* Foreign currency consumer loans exacerbated crisis
* Countries need help to develop local currency lending (Adds background and quotes)
By Carolyn Cohn
LONDON, May 13 (Reuters) - Emerging European economies should cut down on foreign currency consumer loans, one of the negative by-products of financial integration, the head of the European Bank for Reconstruction and Development said on Thursday.
Emerging Europe suffered more than other emerging markets during the global financial crisis, largely as a result of foreign currency loans that turned sour as currencies plummeted.
"While financial integration has done more good than harm, we cannot close our eyes to the harm it has done," EBRD president Thomas Mirow said in the text of a speech for delivery ahead of the bank's annual meeting in Zagreb, Croatia.
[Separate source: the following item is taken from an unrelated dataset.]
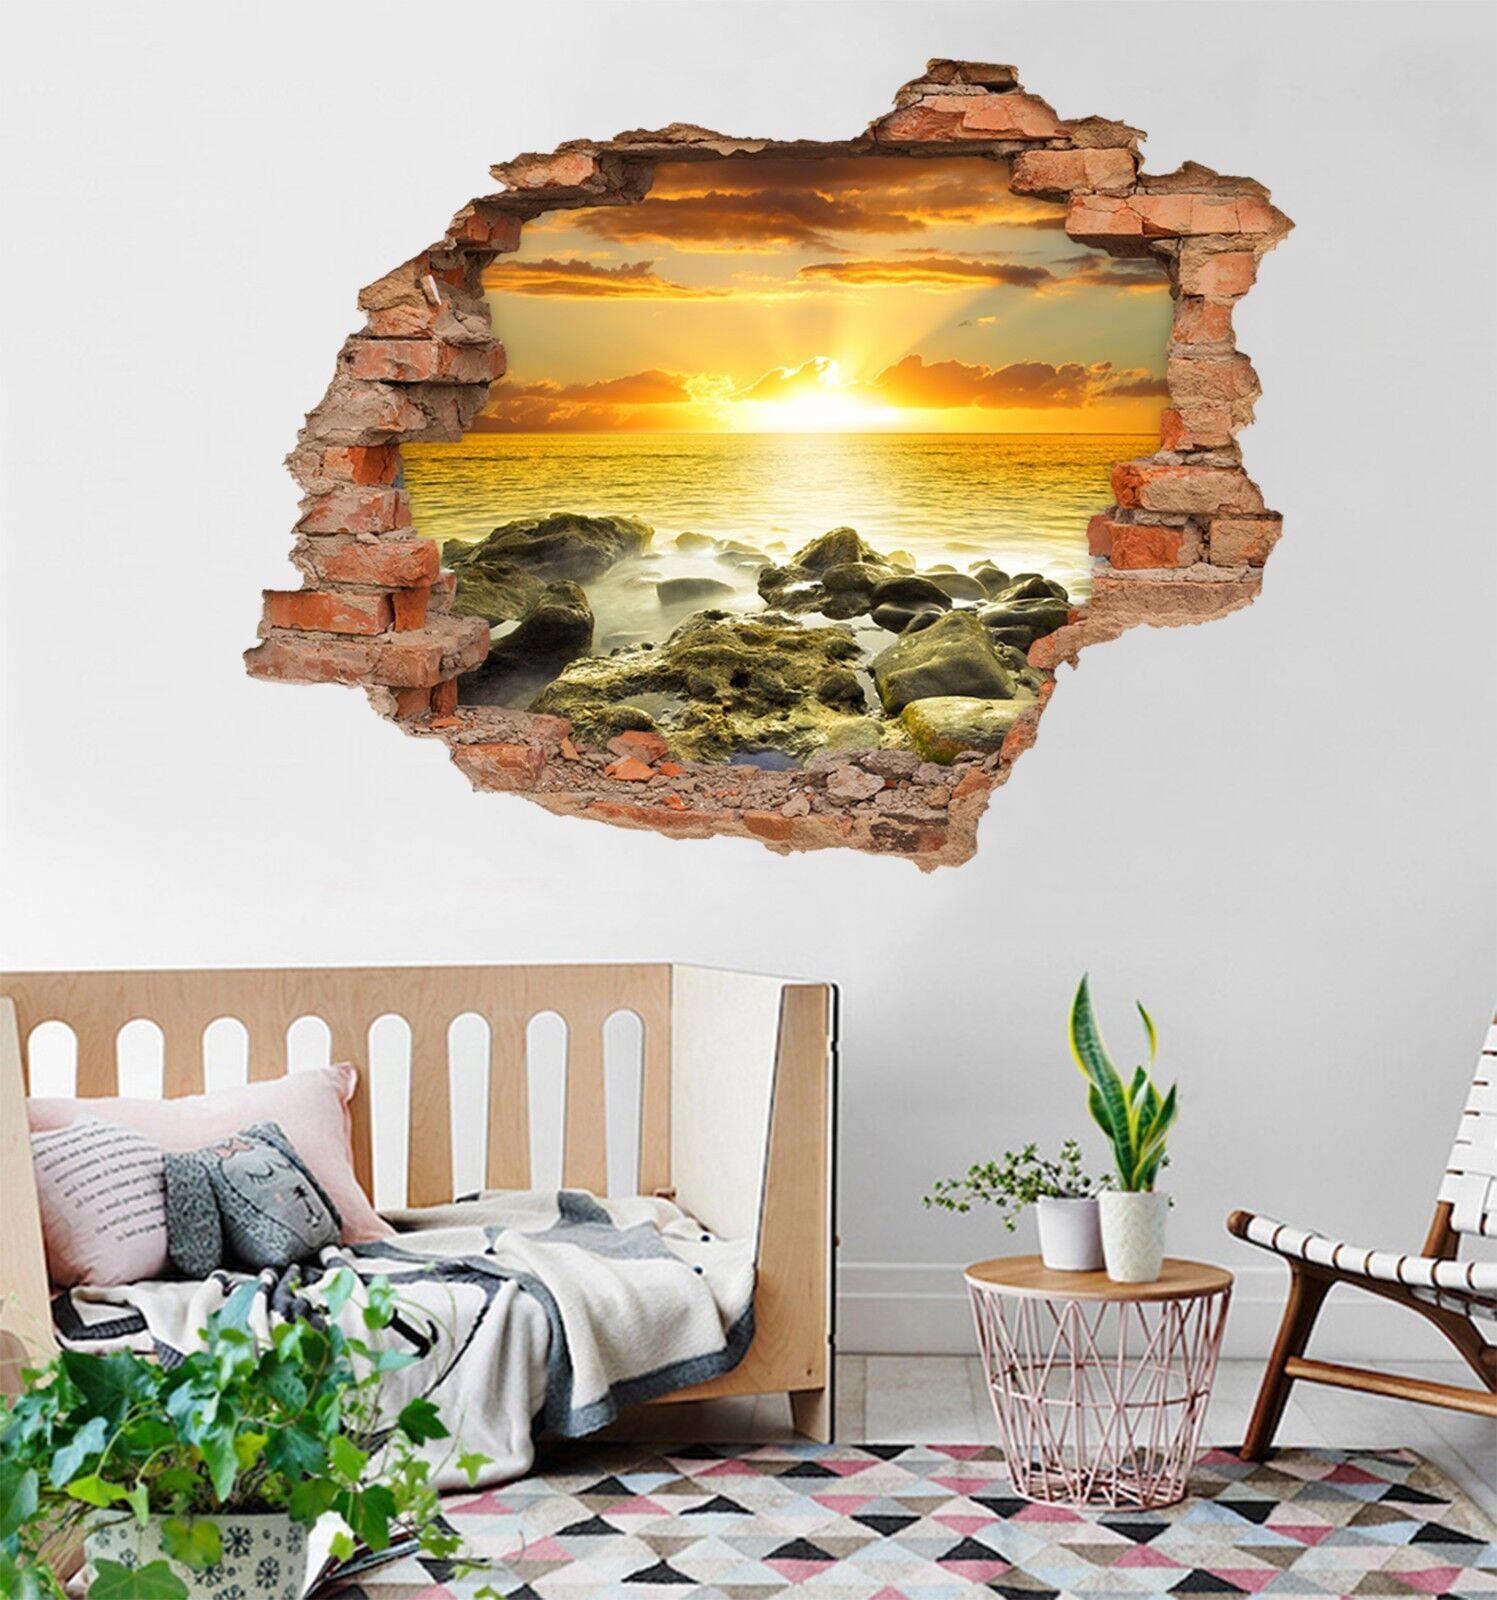 3D Helle Sonne 03 Mauer Murals Mauer Aufklebe Decal Durchbruch AJ WALLPAPER DE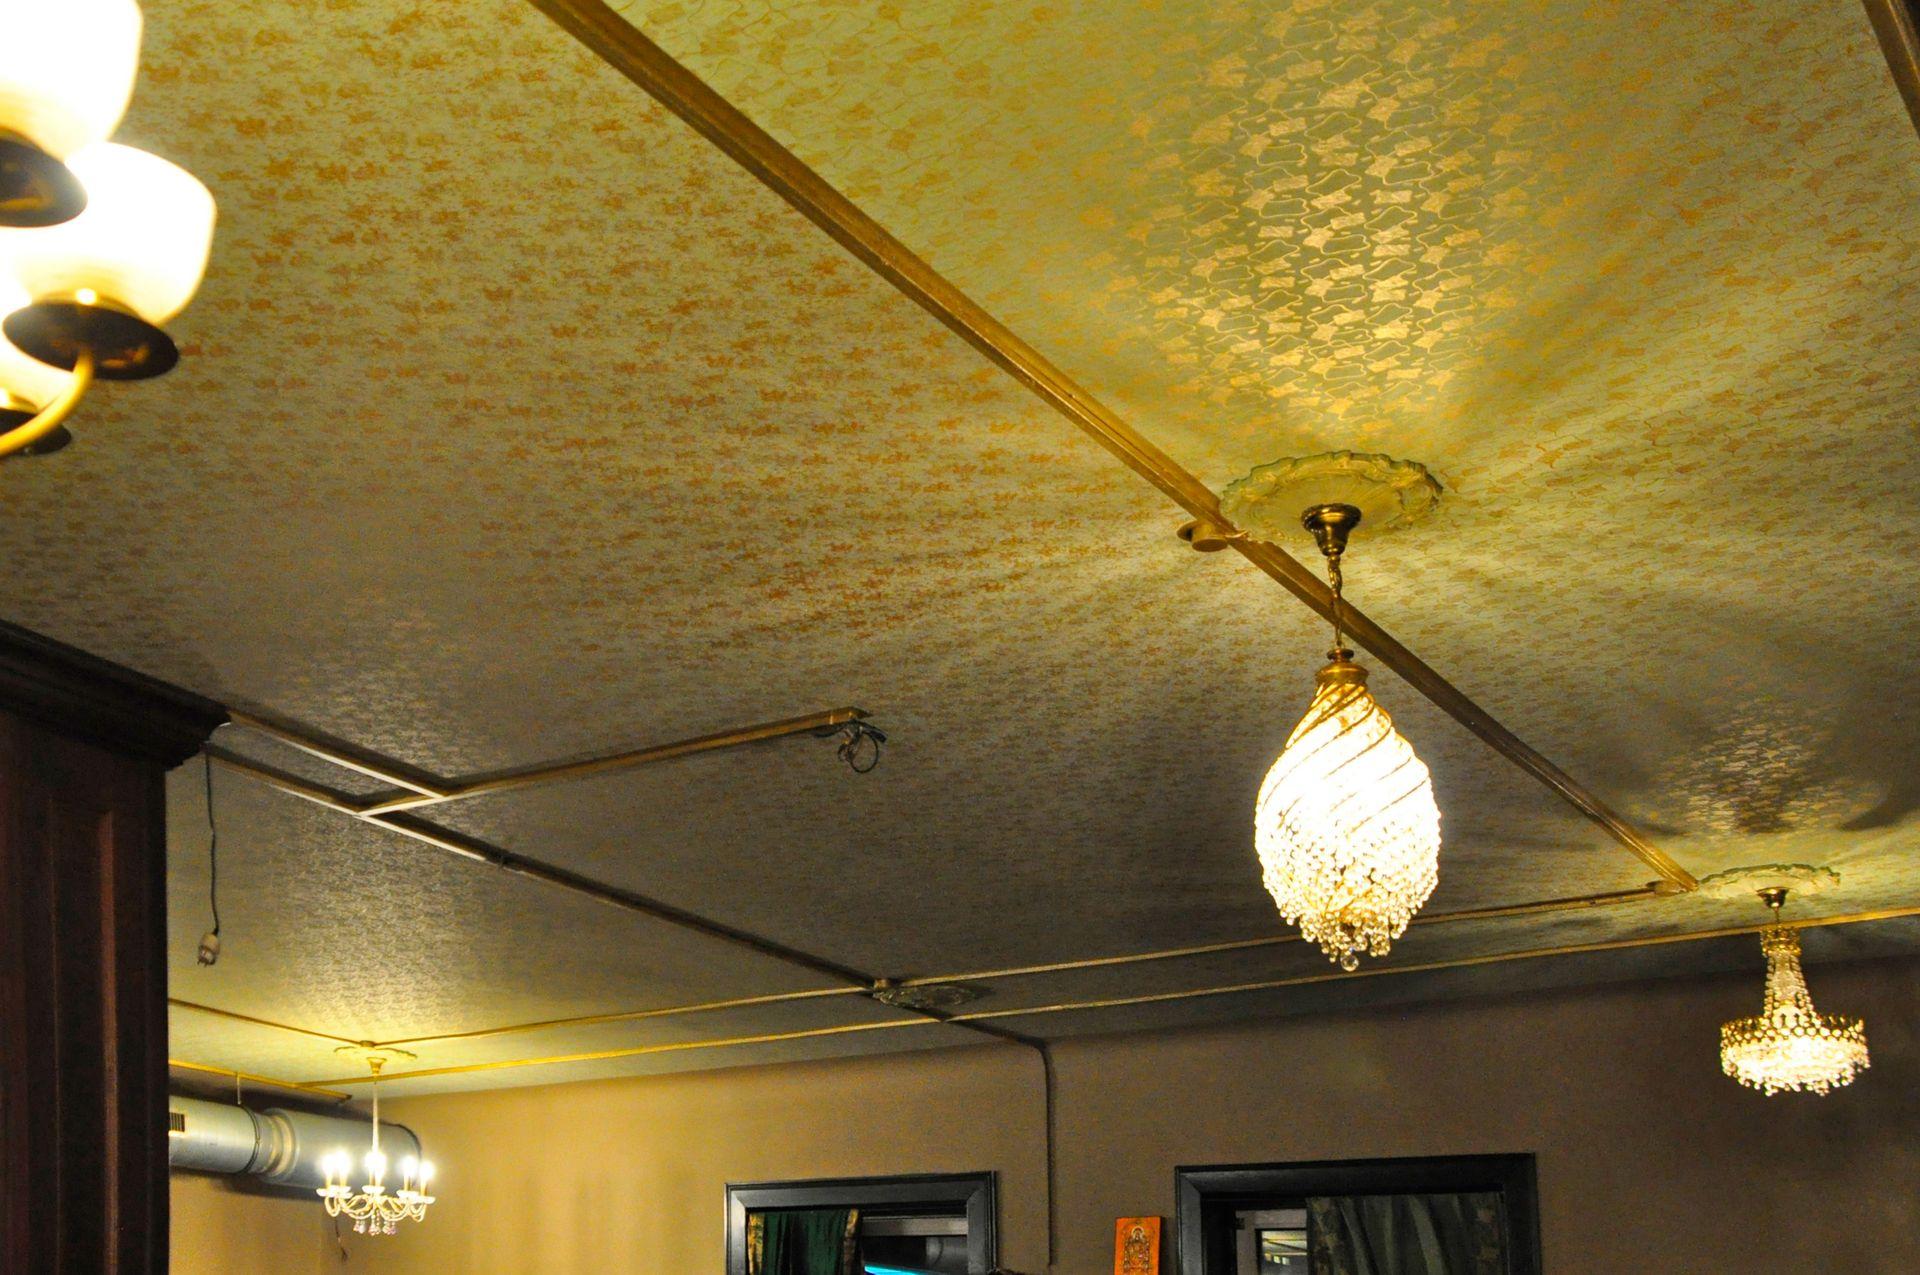 Deckenbemalung im Restaurant Maharaja am Neuen Pferdemarkt

"Financial integration has encouraged some countries to take unacceptable risks. This must be stopped... Short-term unsecured consumer lending in foreign currency should be phased out."
The EBRD forecasts growth in the 29-country region of 3.3 percent this year following a 6.1 percent contraction last year. It will issue revised forecasts at the meeting.
The EBRD's board of governors is also expected at the meeting to approve plans to increase the bank's capital by 50 percent to 30 billion euros, enabling higher levels of investment.
Mirow said emerging European economies need to develop local currency markets and local currency lending with help from international lenders such as the EBRD.
"Even a relatively small country can mobilise term deposits in local currency and create a basic government debt market in local currency into which other agents -- chiefly banks -- can issue if they wish."
Mirow added that the recent euro zone debt crisis had flagged up potential risks for euro zone aspirants.
"We all know that entering a monetary union without full preparation may prove difficult down the road -- the current troubles of the euro are partly a reflection of that fact."